An object is dropped from a height of 75.0 m above ground level. (a) Determine the distance traveled during the first second. (b) Determine the final velocity at which the object hits the ground. (c) Determine the distance traveled during the last second of motion before hitting the ground.


Solution:

Consider Figure 1. The object was dropped from a height of 75.0 m. At the start of motion, the velocity is zero, v_{oy}=0.

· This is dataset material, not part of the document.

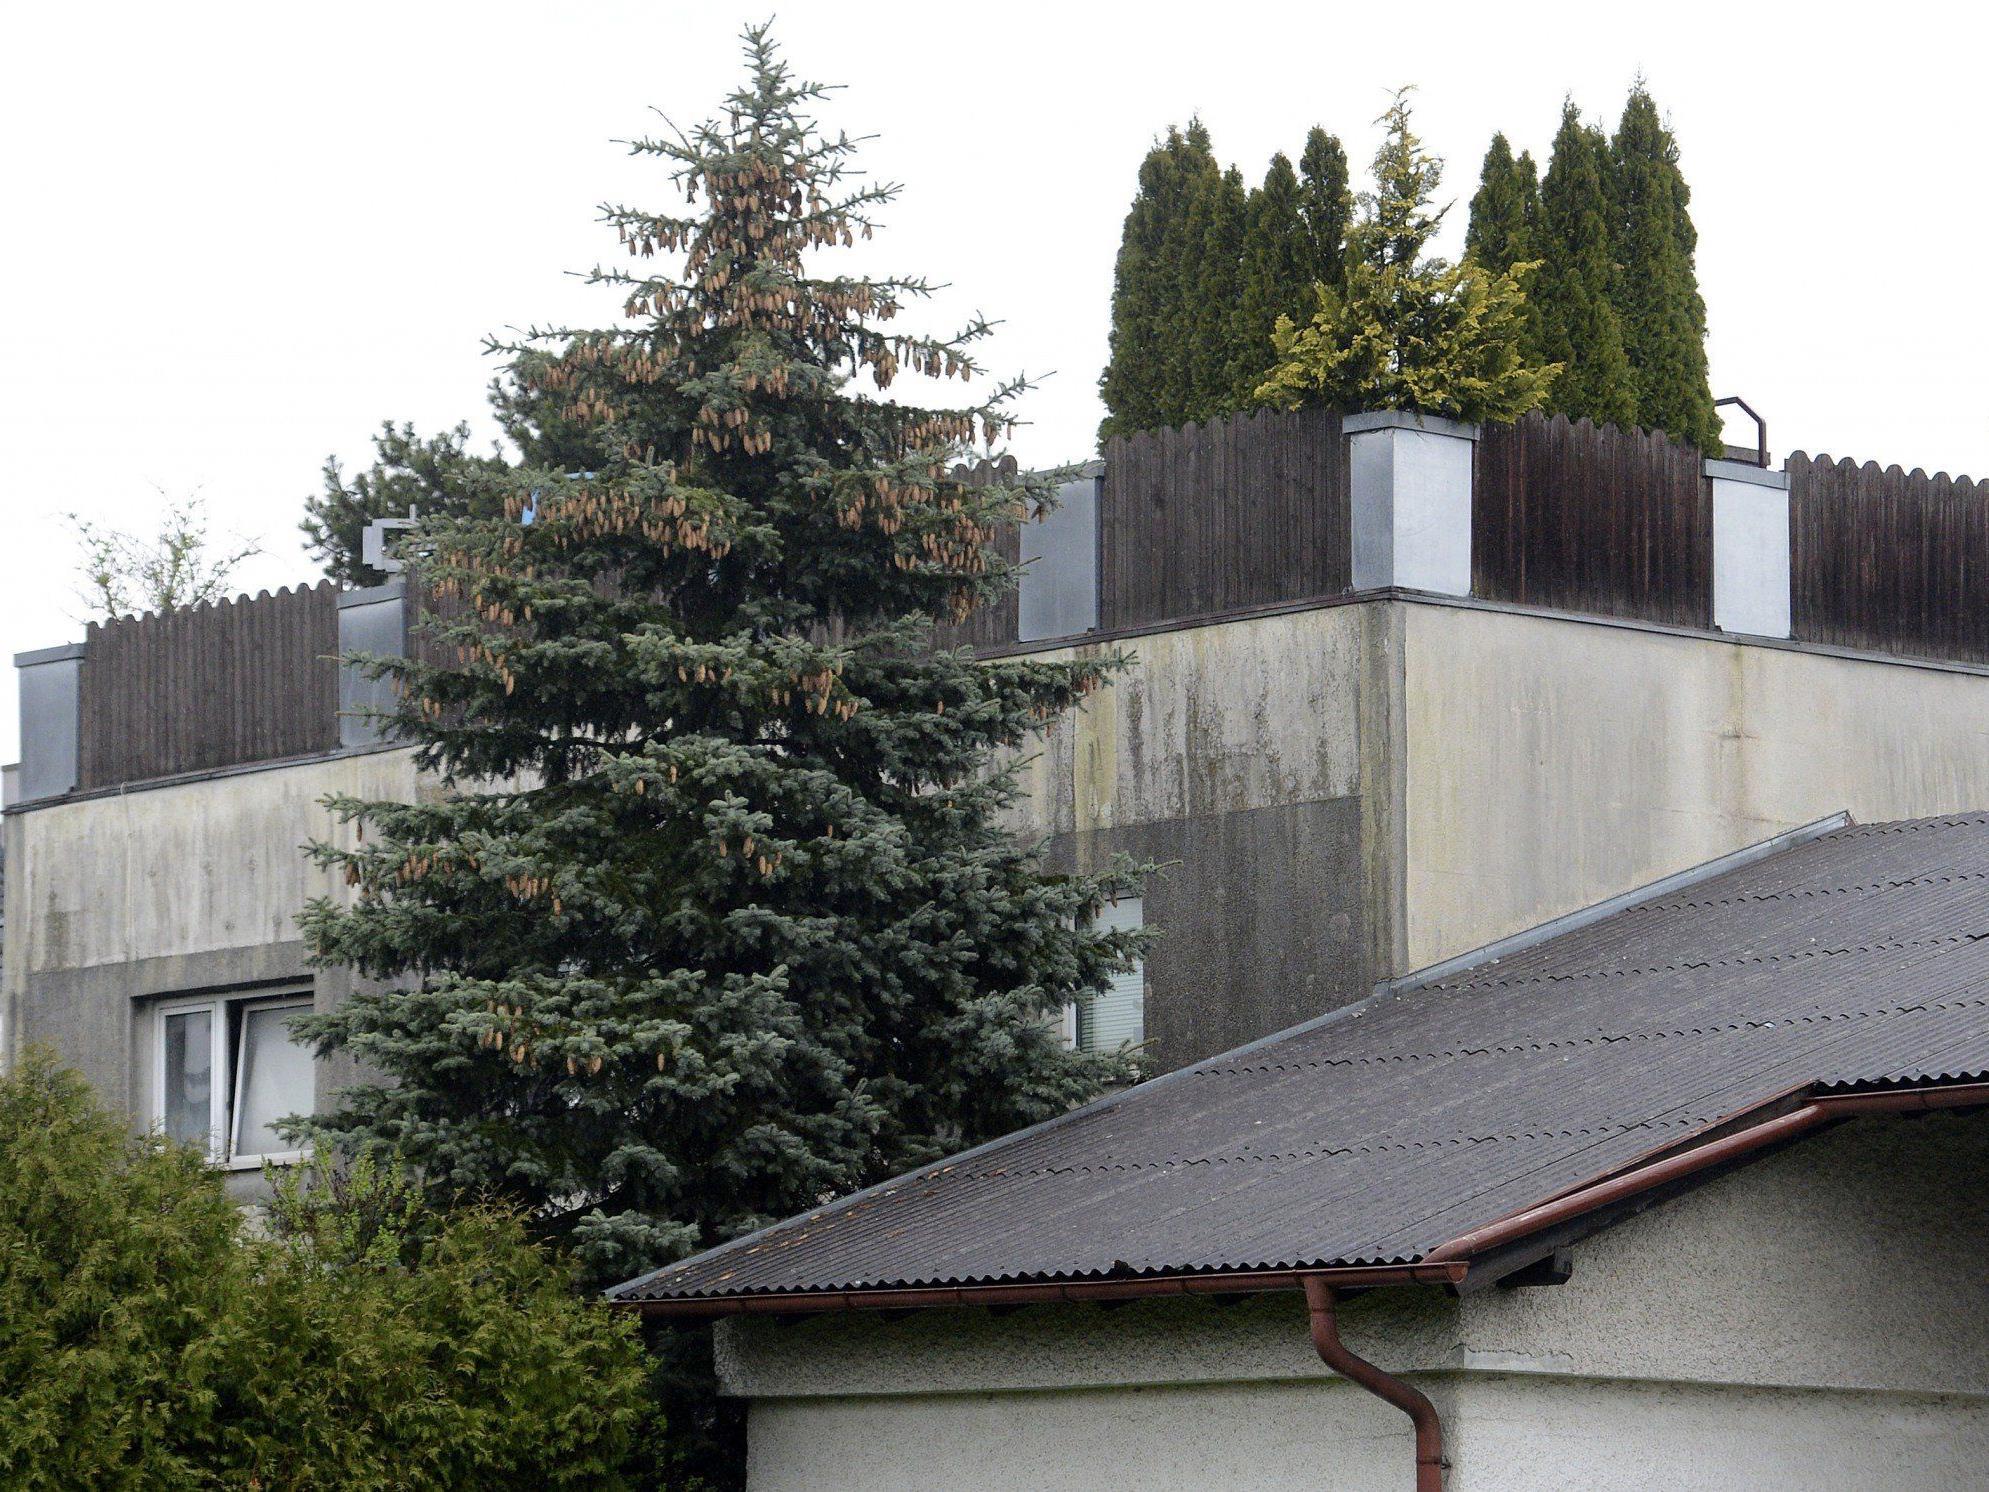 Das Hauses in Amstetten, in dessen Keller die 42jährige Elisabeth F. 24 Jahre lang von ihrem Vater Josef F. festgehalten wurde.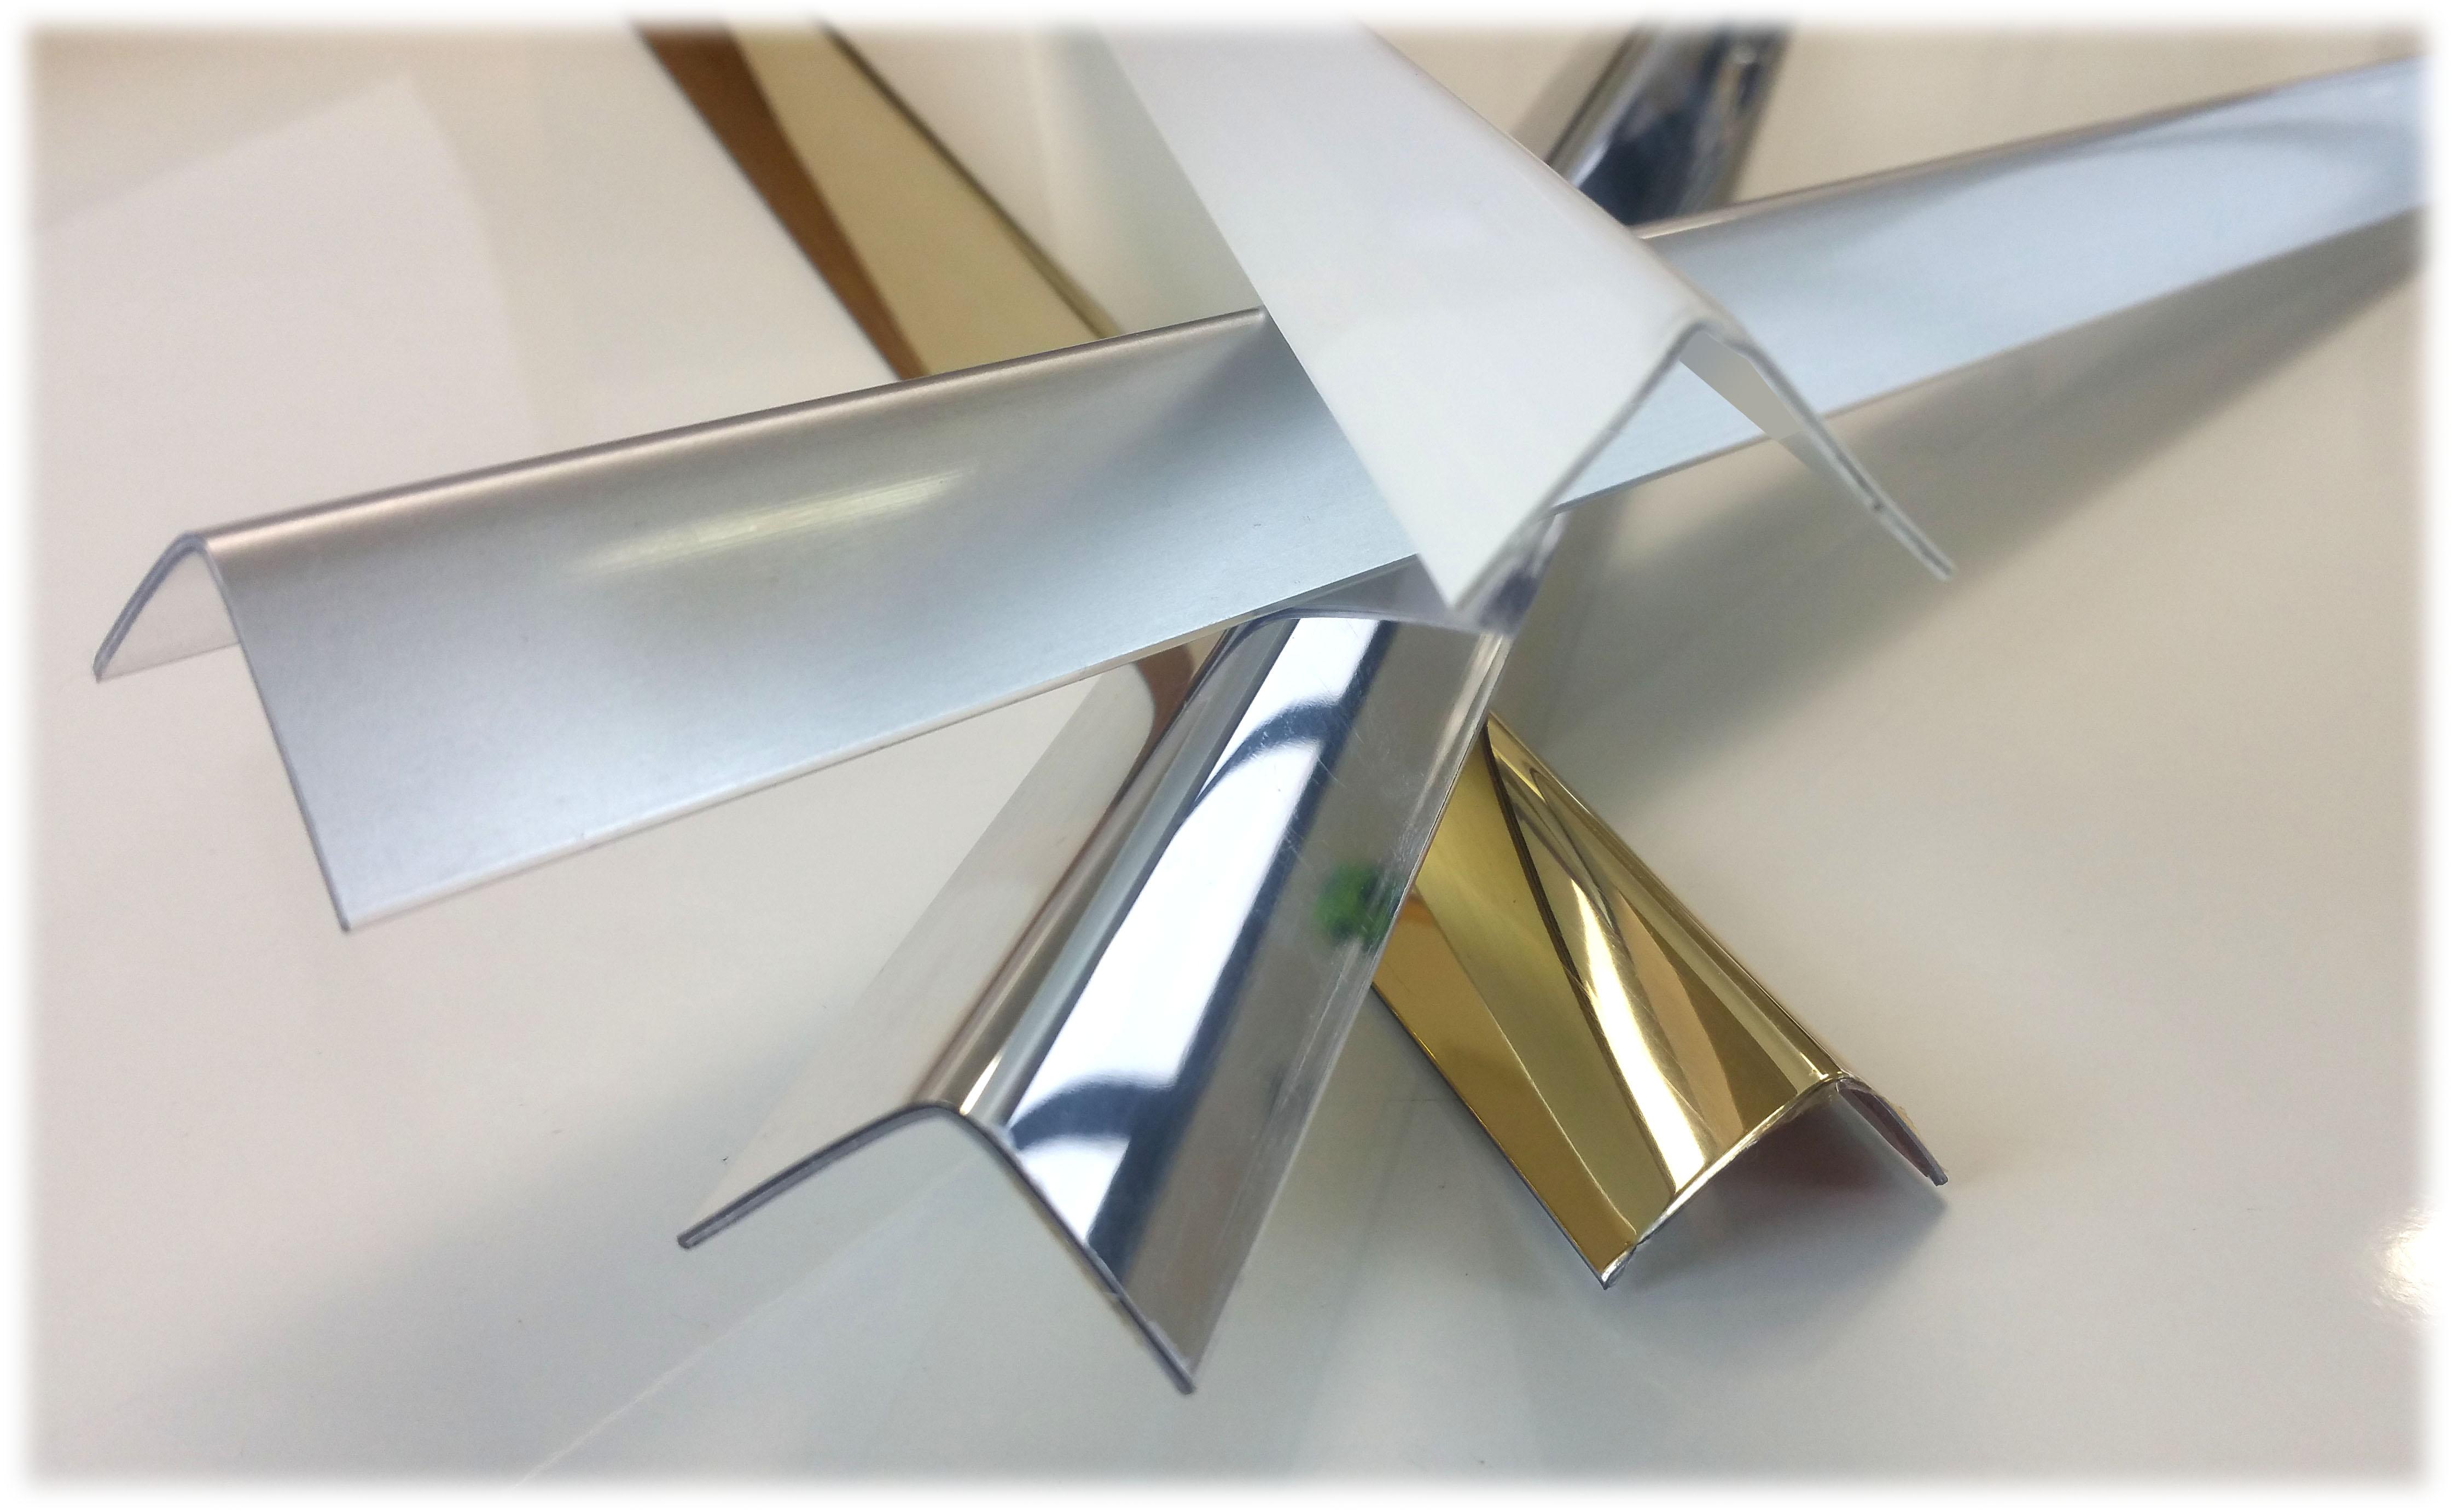 Profili Angolari Paraspigoli in alluminio PVC legno

The object traveled for a period of time t for the whole 75.0 m distance to the ground.

Part A

We are solving for the distance traveled by the object for the first 1 second. So, we have

\begin{align*}
\Delta y & = v_{oy} t + \frac{1}{2}at^2\\
\Delta y & = \left( 0 \ \text{m/s} \right)\left( 1 \ \text{s} \right)+\frac{1}{2}\left( -9.81 \ \text{m/s}^2 \right)\left( 1 \ \text{s} \right)^2 \\
\Delta y & = 0 -4.905 \ \text{m} \\
\Delta y & = -4.91 \ \text{m} \\
|\Delta y| & =4.91 \ \text{m}
\end{align*}

The negative sign of Δy indicates that the direction of the displacement is downward. Since we are looking for the scalar value of the distance, the answer is 4.91 m.

Part B

So we now consider the two positions of the object as shown in the figure to the right. The initial height of the object is 75.0 m above the ground, and the initial velocity is 0.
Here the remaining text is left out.